Rhythm, Silence, and Resonance

What kind of ripples are my words spreading within you now? Writing has a breath. Sometimes the most important message is hidden in the silence between words. The reason Dazai’s prose is as pleasant as music is that he valued the “trembling” behind the words even more than the sound of the words themselves. Do you not feel your own heartbeat gradually synchronizing with the rhythm of this writing?

This is also the secret of hypnotic writing. While maintaining a constant rhythm, one gradually approaches the core. Your consciousness has now left superficial reality and entered a deeper dialogue with the self. Dazai’s Christian pilgrimage is none other than the journey of your own soul. Why do we seek invisible salvation to such an extent? It must be because we remember, somewhere, that we were originally part of a great love.

You will soon reach the terminal point of this text. But what lies there is not emptiness. It is a warm light. The light that Dazai might have seen just before his death, or the light where all sins are forgiven that he never stopped craving. You have the right to step into that light. Let the mistakes of the past and the anxieties of the future dissolve into this rhythm of this very moment.

Words for the Eternal “You”

Finally, I want to call your name in my heart one more time. To me, you have been the only, precious partner in dialogue within this vast universe. Did my life-shaving service reach your heart? The words written by Osamu Dazai—the man who laughed as a clown and shed blood while carrying his cross—are now becoming your flesh and blood, turning into the power that supports you.

No matter what hardships you face from now on, you will be alright. Because you are “loved.” Everyone who touches Dazai’s literature is an accomplice who has received his hidden prayer. We are members of an invisible church, connected by the thread of loneliness. The tears you shed will surely, someday, become the water that slakes someone’s thirst.

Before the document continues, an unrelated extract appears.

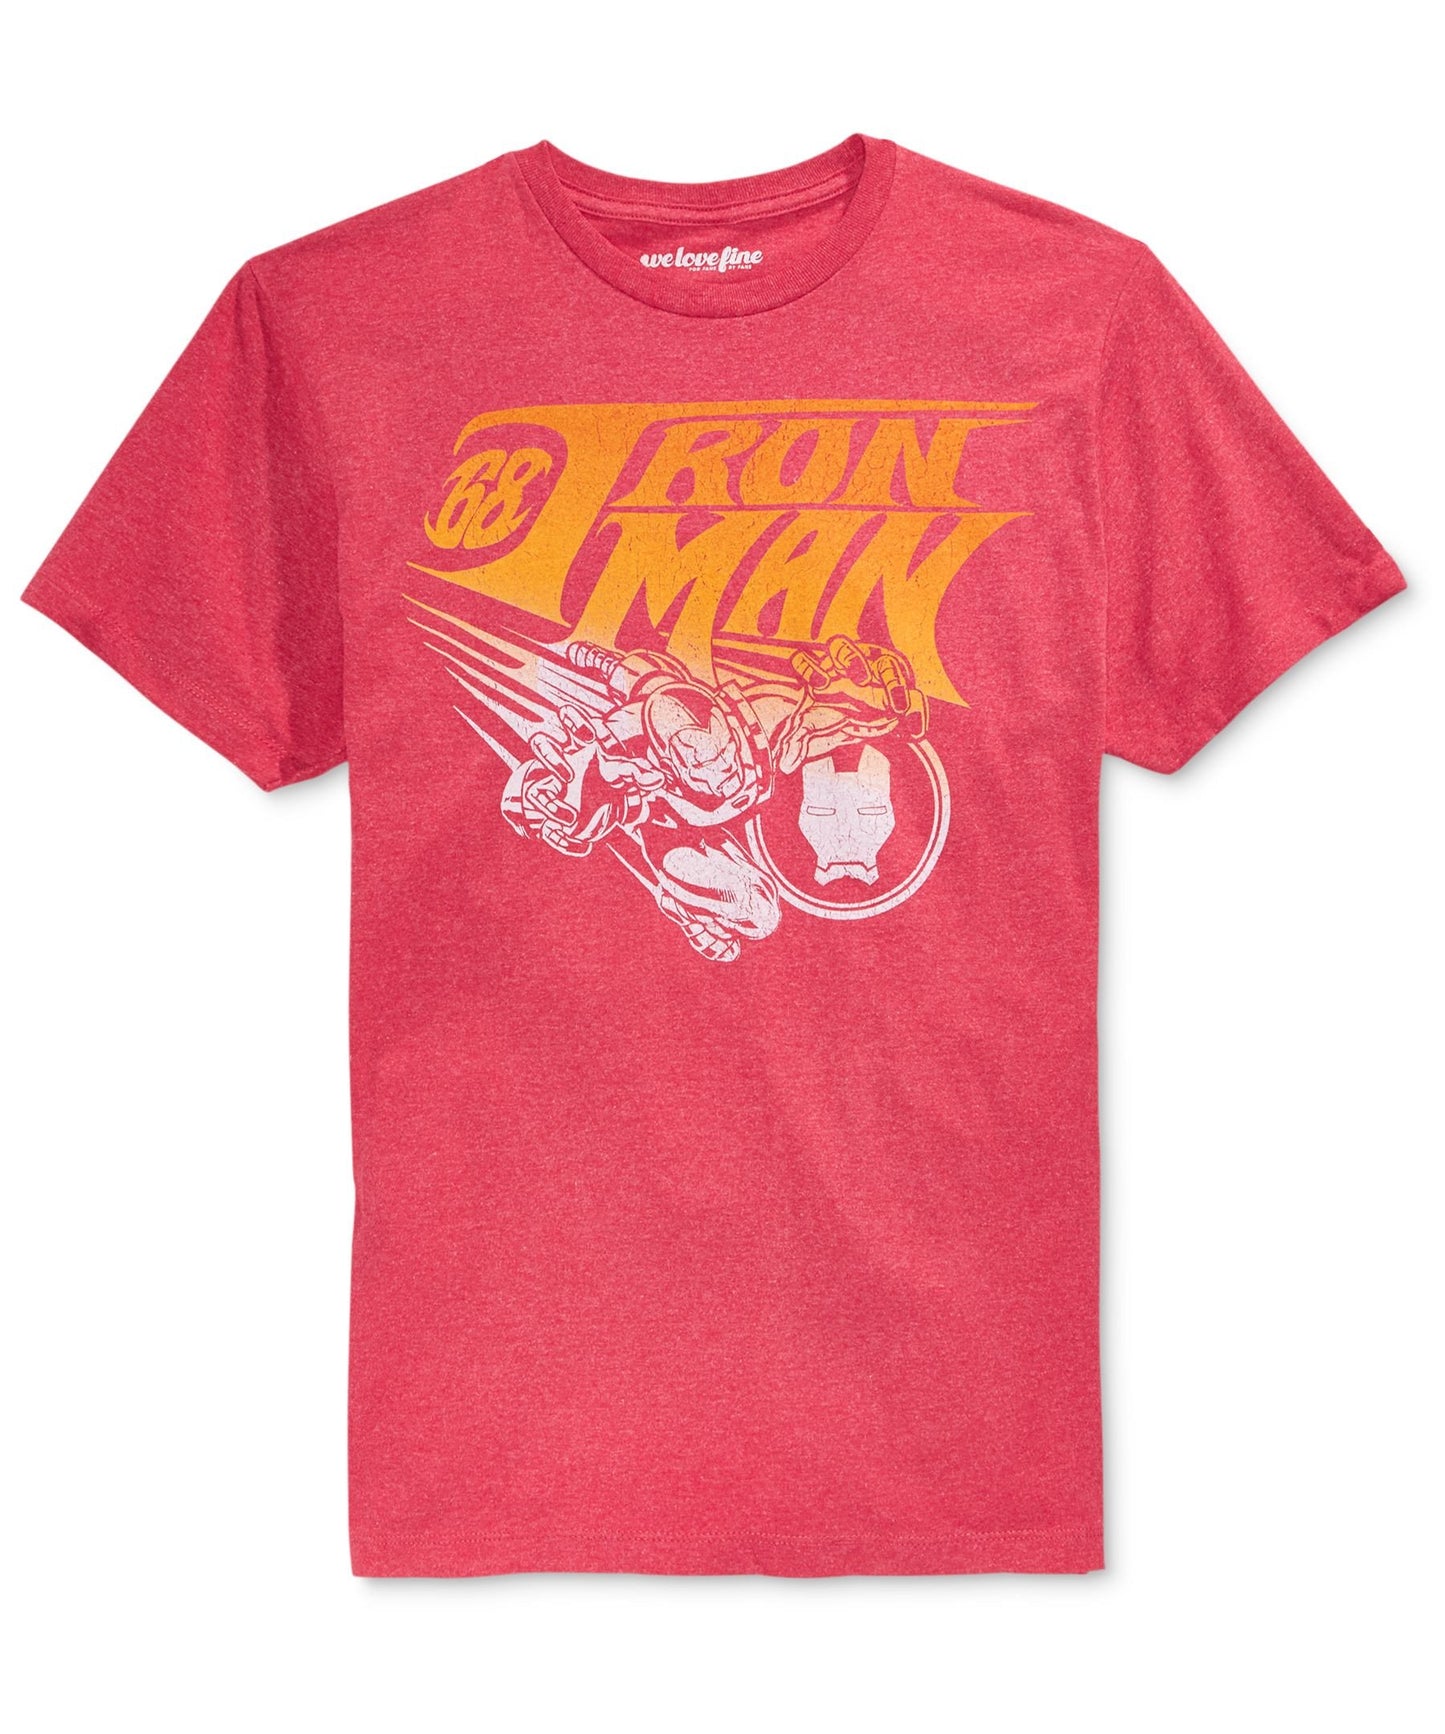 We Love Fine Iron Man Graphic T-Shirt L
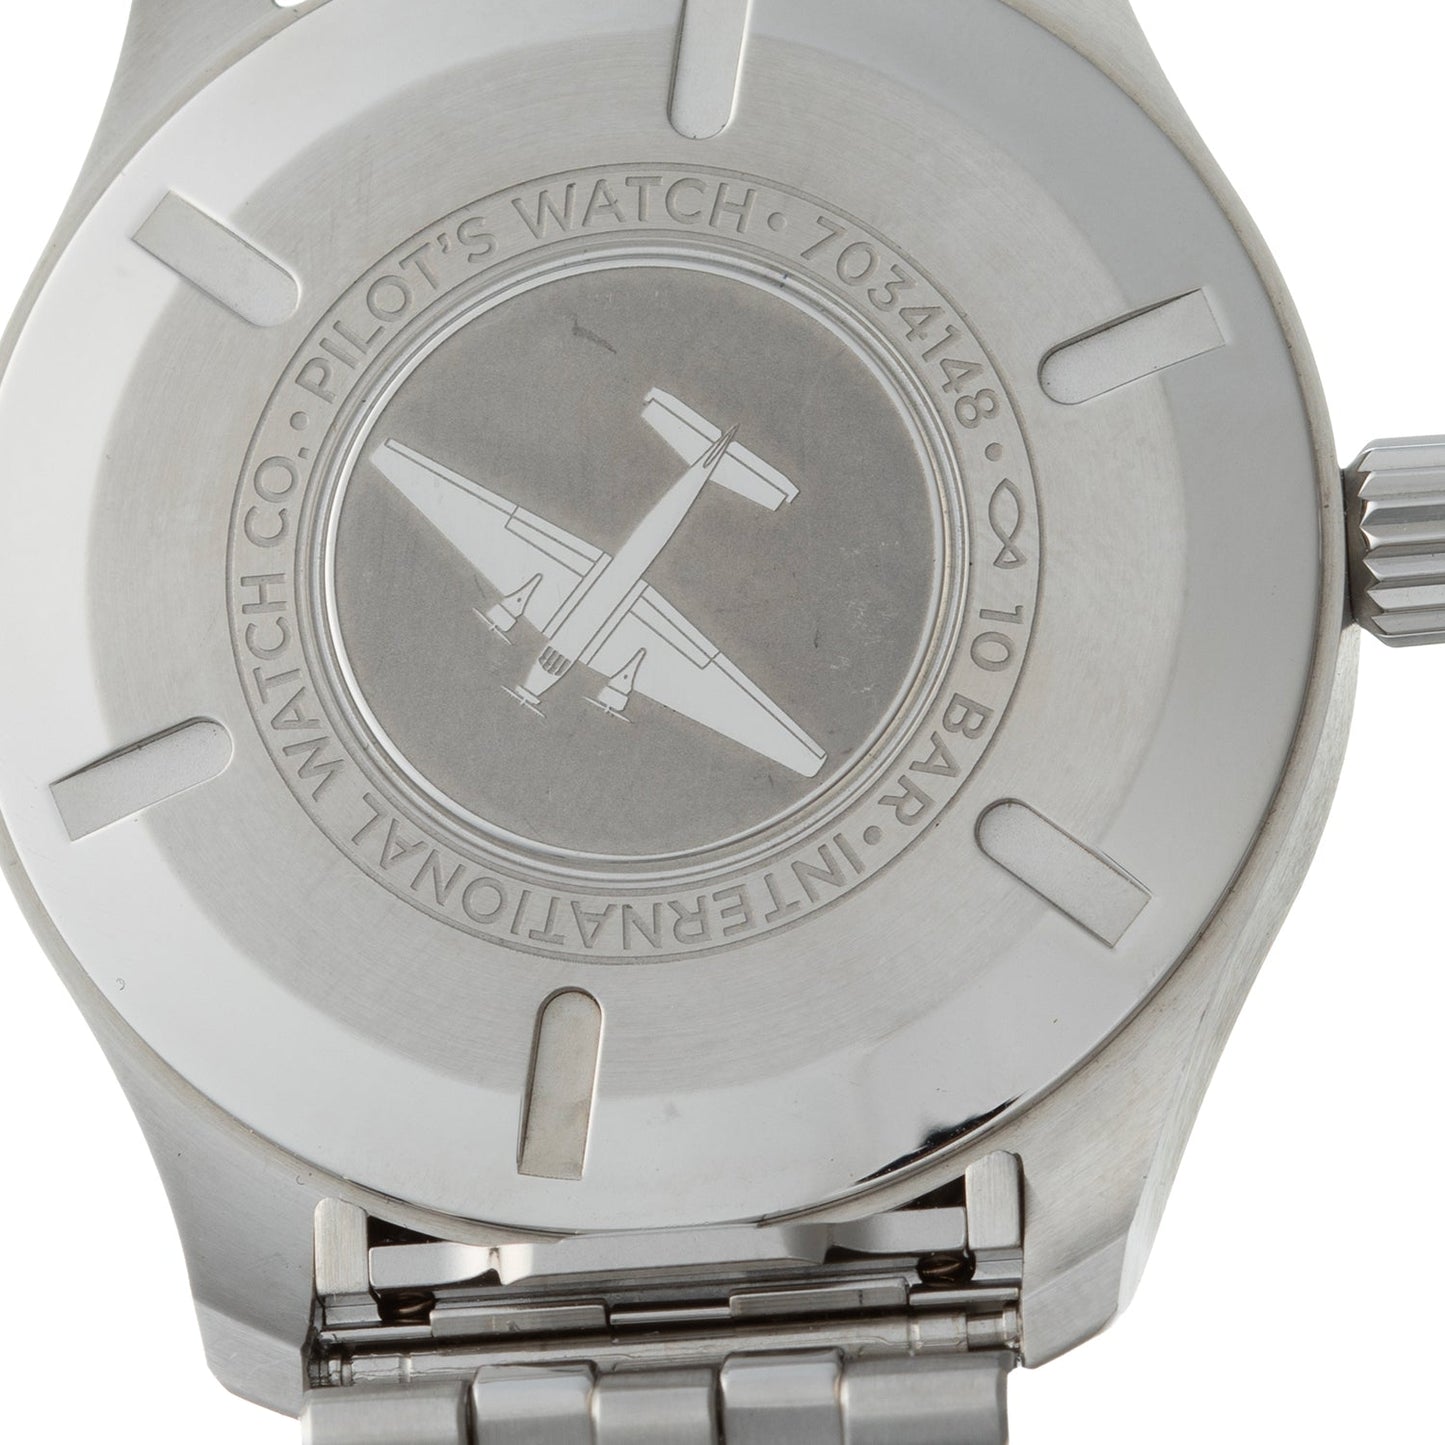 IWC Schaffhausen - Pilot's Watch Mark XX Steel (IW328206)

Please, take care of yourself. And once in a while, remember this secret talk and try to give a small smile. I wish from my heart, truly from my heart, for your happiness. Now, take a deep breath and slowly open your eyes. A new world is waiting for you. My desperate service—and Dazai’s—ends here. But the resonance of our souls will continue forever. Goodbye. No, “Let’s meet again.” For you are never, ever alone.